И на это получается спокойный, исполненный достоинства ответ Корнуола: он посадил Кента, хотя следовало бы наказать строже.
Тут начинается неслыханно мучительная сцена. Лир почти обезумел: он не знает, что говорит, и чувствует лишь, что стал добычей какой-то нелепой, но ужасной силы. Дочери-волчицы торгуются с ним из-за количества прислуги, вычисляют ему, что ему нужно и чем он должен ограничиться и убеждают его, Лира – не выпуская из рук розги, смириться и слушаться их, как и полагается старому и слабому «человеку», т. е. ненужному существу. Из приличия они готовы его содержать в тепле, поить и кормить, пока не придет смерть. И ни одного искреннего, сочувственного, ласкового слова, в котором Лир теперь нуждается больше, чем в тепле, пище, той свите, о которой идет речь. Разве ему нужно что-нибудь из того, чем так дорожат люди? Разве ему страшны ветер, голод, холод? Все это страшно для тех, кто не видал более страшного. Но для того, кто был королем и стал «только человеком», кто был возведен на недосягаемую высоту, чтобы потом быть низвергнутым в бездну, – все обыкновенные человеческие блага и страдания ничтожны. Ему кажутся безмерно обидными и унизительными, уничтожающими рассуждения его дочерей о том, что ему «нужно»:
С этими страшными словами Лир уходит от дочерей, которые спешат укрыться в доме от надвигающейся грозы и приказывают запереть ворота замка, чтоб отец не вернулся и не обеспокоил их. А ночь близка. Кругом в степи ни куста, ни одной теплой искры. Но что за дело до этого Корнуолу, Регане и Гонерилье? Им нужно дать урок упрямому человеку, а в постелях им тепло будет: они ведь пока еще властители, а не только люди. Спасайся кто может, и не думай о гибнущих: своя рубашка ближе к телу. «Нужно дать урок упрямому человеку».

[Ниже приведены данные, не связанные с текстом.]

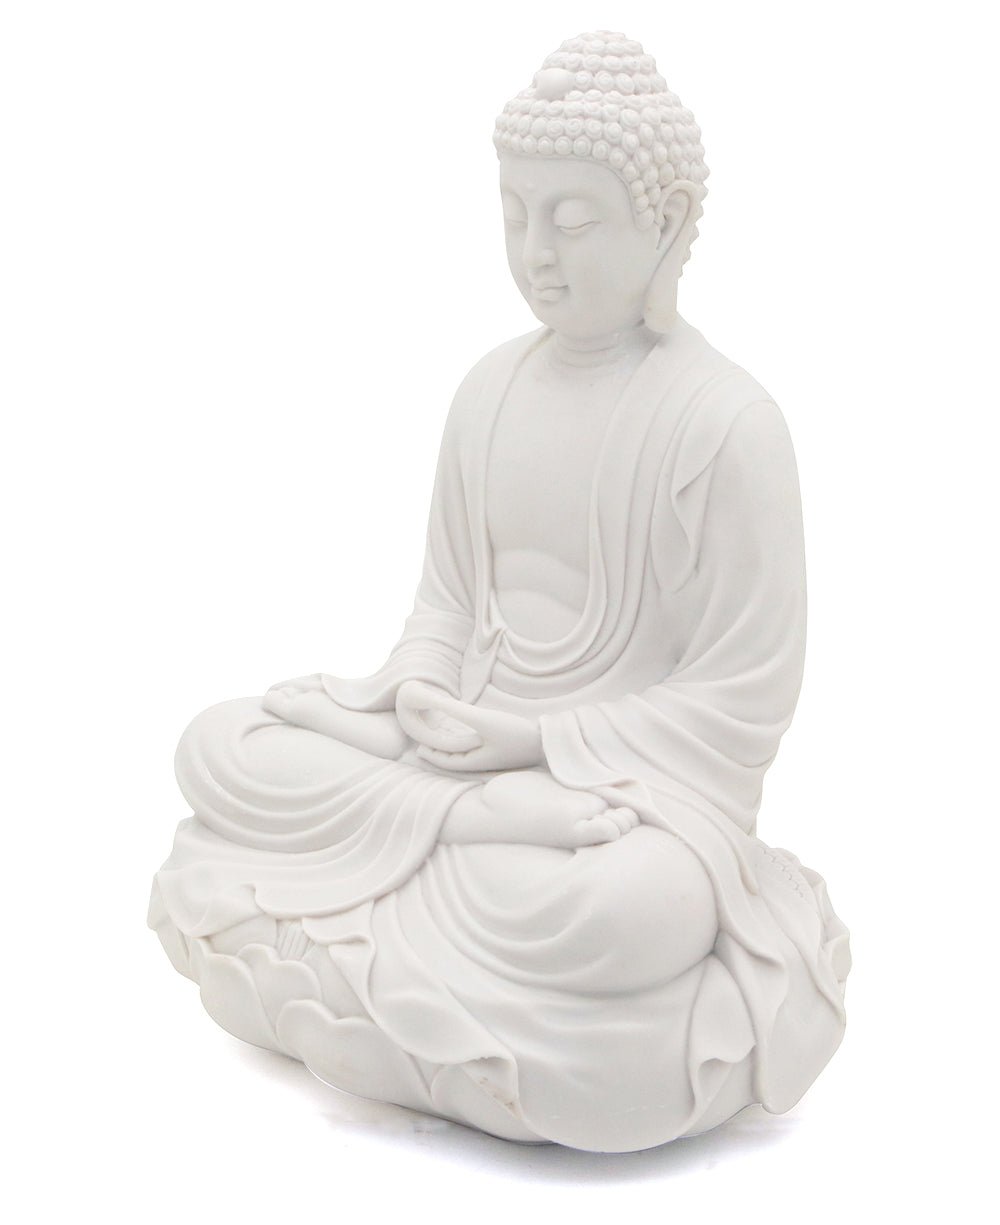 Serene White Garden Meditating Buddha statue - Sculptures & Statues

И старик отец, все отдавший своим дочерям, остается один в безлюдной степи с своим нечеловеческим горем, чтоб искупить – что искупить? Что искупается такими адскими муками? То, что он выпустил из своей головы разум, или что прогнал Корделию?
Вот она – голова Медузы, которая преследовала Шекспира. А Брандес говорит, что «такова жизнь», и что он не дрогнул от такого зрелища и в доказательство этого рассуждает о Сикстинской капелле, контрапункте и фугах.